Наталья Солнцева - Шулер с бубновым тузом
Я не святой, и ничто человеческое мне не чуждо. Мимолетный курортный роман, о котором я легкомысленно забыл, принес мне неожиданный дар, – увы, слишком поздний! Я ухожу, а вы, мои дети, должны радоваться жизни. Пусть ничто не омрачит эту радость, даже моя кончина. Я все повидал, всего вкусил и добился того, о чем мечтал. Я еще не стар, но уже и не молод. Семьдесят два года, отмеренные мне судьбой, это немало. Я много успел, за что безмерно благодарен провидению.

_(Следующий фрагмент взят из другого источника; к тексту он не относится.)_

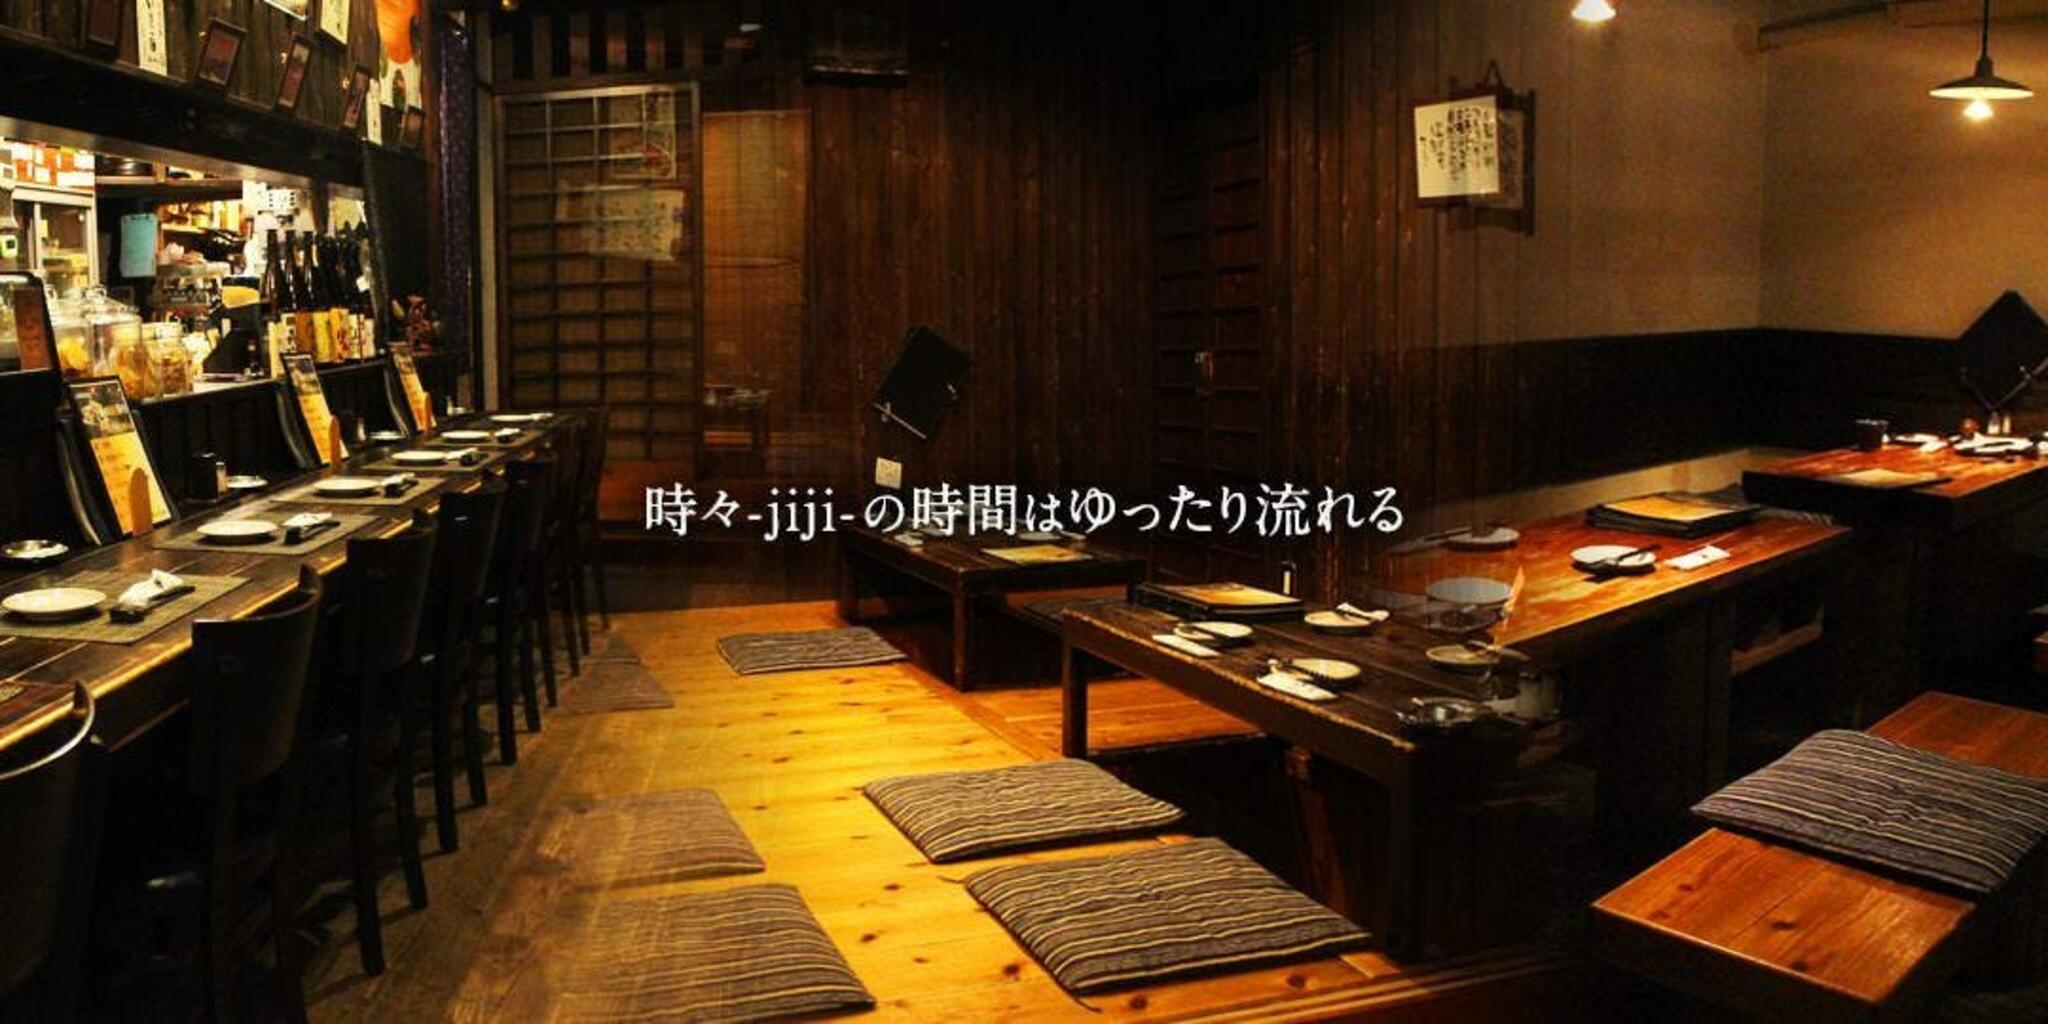 IZAKAYA 時々jiji 観音寺店の代表写真4

Умоляю, не говори ничего Бетти! Она не заслужила такого подвоха с моей стороны. Вероятно, нет мужа, который был бы кристально чист перед своей избранницей. Не являюсь таковым и я. Бывали случаи и обстоятельства, когда я не мог устоять перед женскими чарами и силой природного влечения. Однако твоя мать – лучшая из женщин! – не заслуживает мук ревности. А она будет страдать, как страдала бы любая жена от измены мужа… впрочем, уже покойного. Смею предположить, что ревность не имеет срока давности. Посему прошу тебя, сын, оградить Бетти от этих столь же болезненных, сколь и бесполезных переживаний.

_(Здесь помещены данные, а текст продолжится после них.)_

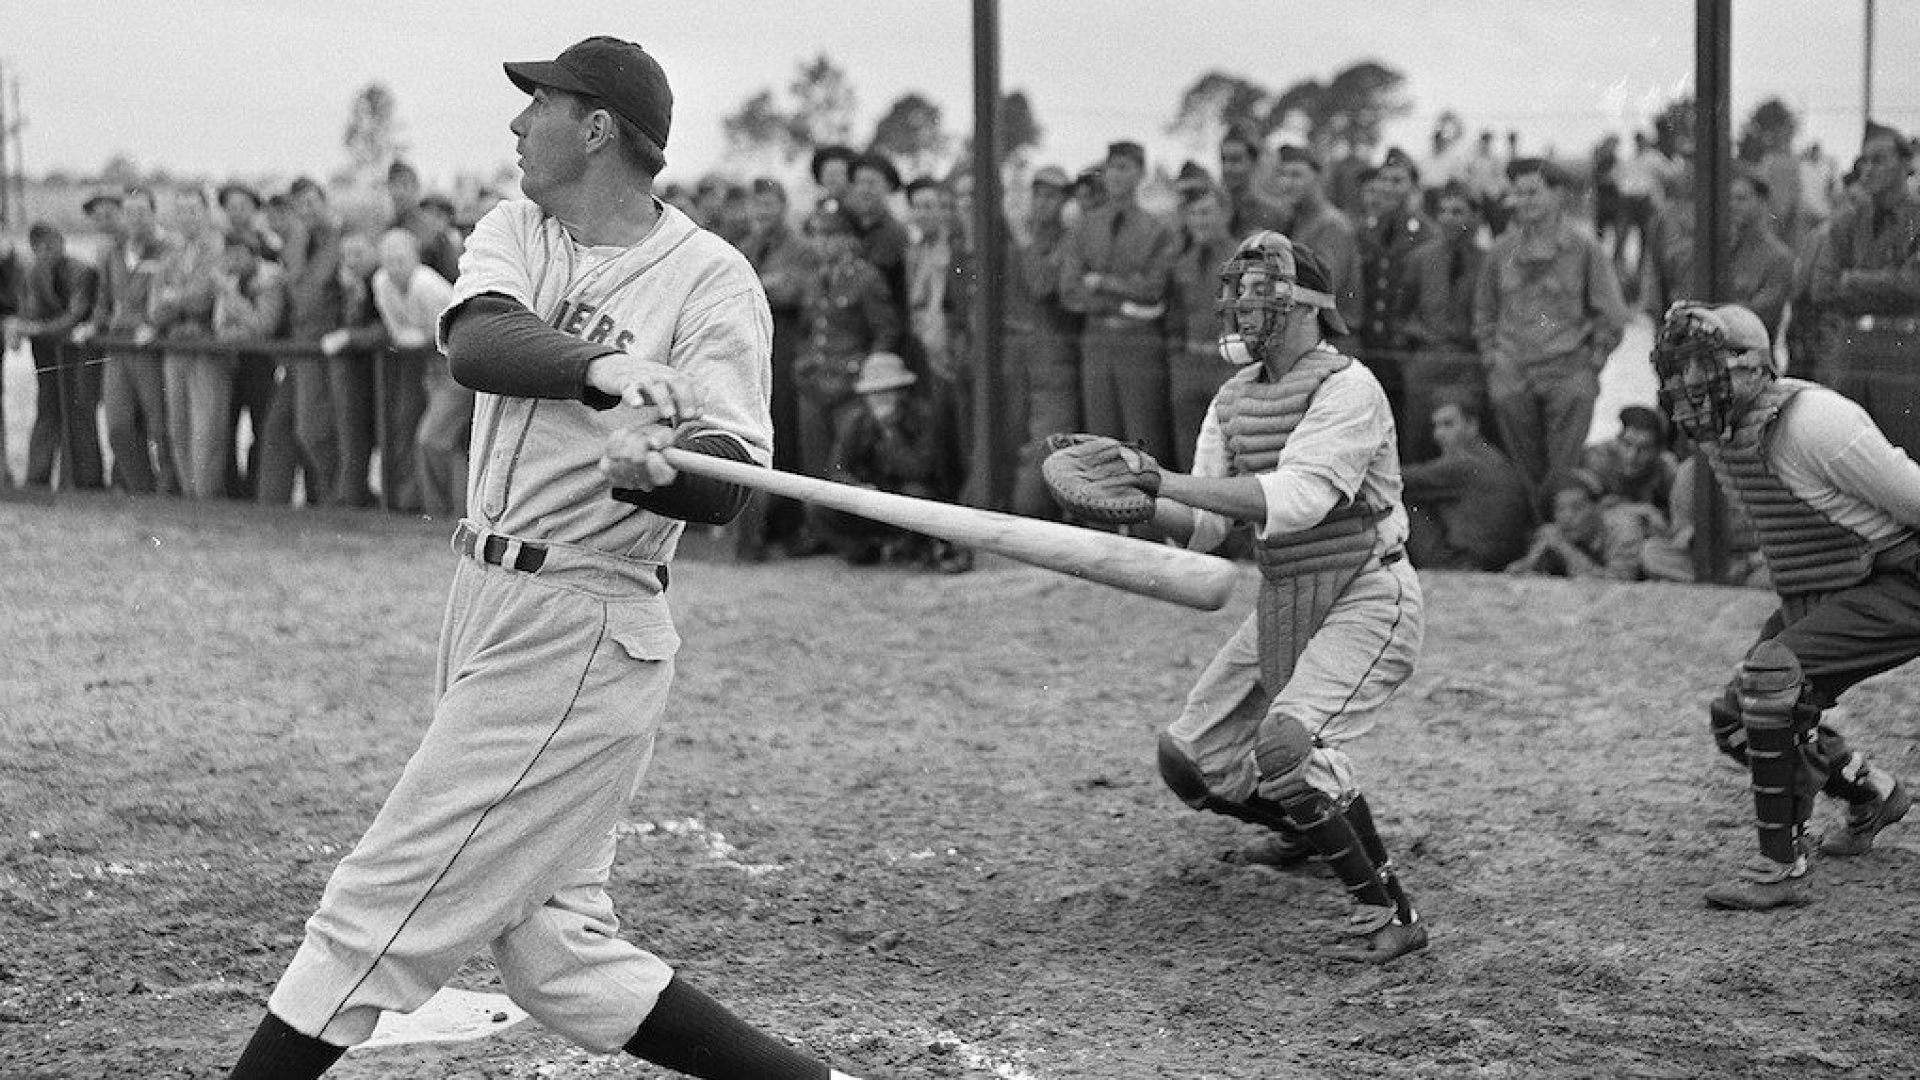 Vintage baseball player|Brian Sheehy Headshot|A man in a vintage baseball uniform

Раз ты читаешь это мое послание, Николай, значит, я мертв. Теперь я могу с облегчением признаться: ужасное предсказание, что я умру бездетным, сделанное одним рекомендованным мне магом, не сбылось. За что я не устаю благодарить Всевышнего. Исходя из своего опыта, обязан предостеречь тебя от обращений ко всякого рода предсказателям и ясновидцам. Эти самозванцы способны внушить опасную веру в свои лживые пророчества. Человек не стойкий, способный поддаться чужой воле, рискует изломать себе жизнь.
Вот, пожалуй, и все, что я хотел сообщить тебе в последнем послании. Надеюсь, моя просьба отложится у тебя в памяти, сын, и ты исполнишь данное мне обещание.
Письмо это сожги, дабы оно не попало в руки твоей матери и не нанесло ей душевную рану. Мы с ней прожили много лет в любви и согласии, и я никоим образом не желаю огорчать ее».
Внизу листка отдельной припиской был указан адрес Анны Андреевны Ремизовой, которая, судя по вышеизложенному, приходилась мне родной сестрой по отцу.
Я повертел письмо в руках, перечитал его и почесал затылок. Ну и задачка! Выходит, мне предстоит не просто познакомиться с сестрицей, а стать ее попечителем. Интересно, ей что-нибудь известно о моем существовании? Или она находится в том же неведении, в коем до сей поры пребывал и я?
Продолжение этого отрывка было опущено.